● Data supplied
- Opening Delimiter -
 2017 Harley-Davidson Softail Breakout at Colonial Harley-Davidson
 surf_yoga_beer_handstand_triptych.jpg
- Closing Delimiter -
- Opening Delimiter -
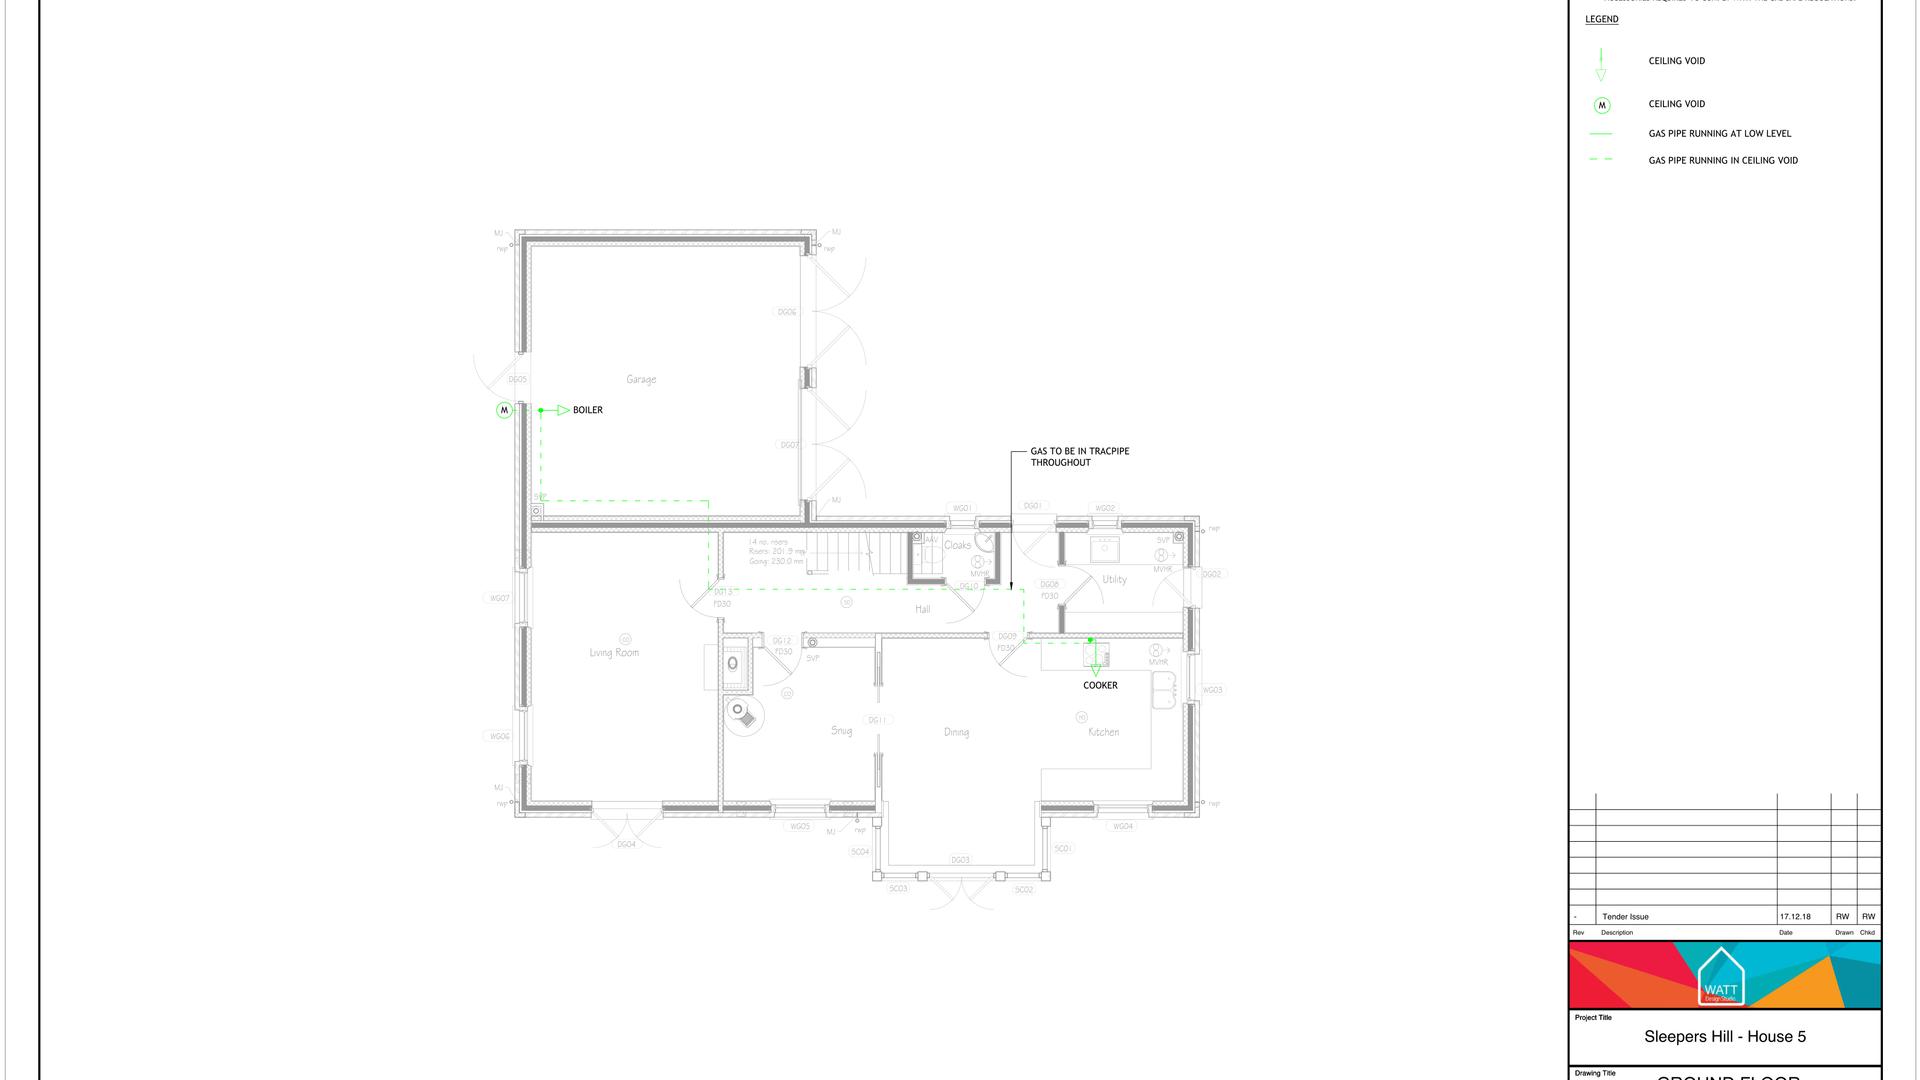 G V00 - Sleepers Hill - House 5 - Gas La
- Closing Delimiter -
● Your instructions
Among the lines above, find the one with "2017 Harley-Davidson Softail" and the one with "surf_yoga_beer_handstand_triptych.jpg". Quote both and everything between them, exactly.

● Solution to this exercise
 2017 Harley-Davidson Softail Breakout at Colonial Harley-Davidson
 surf_yoga_beer_handstand_triptych.jpg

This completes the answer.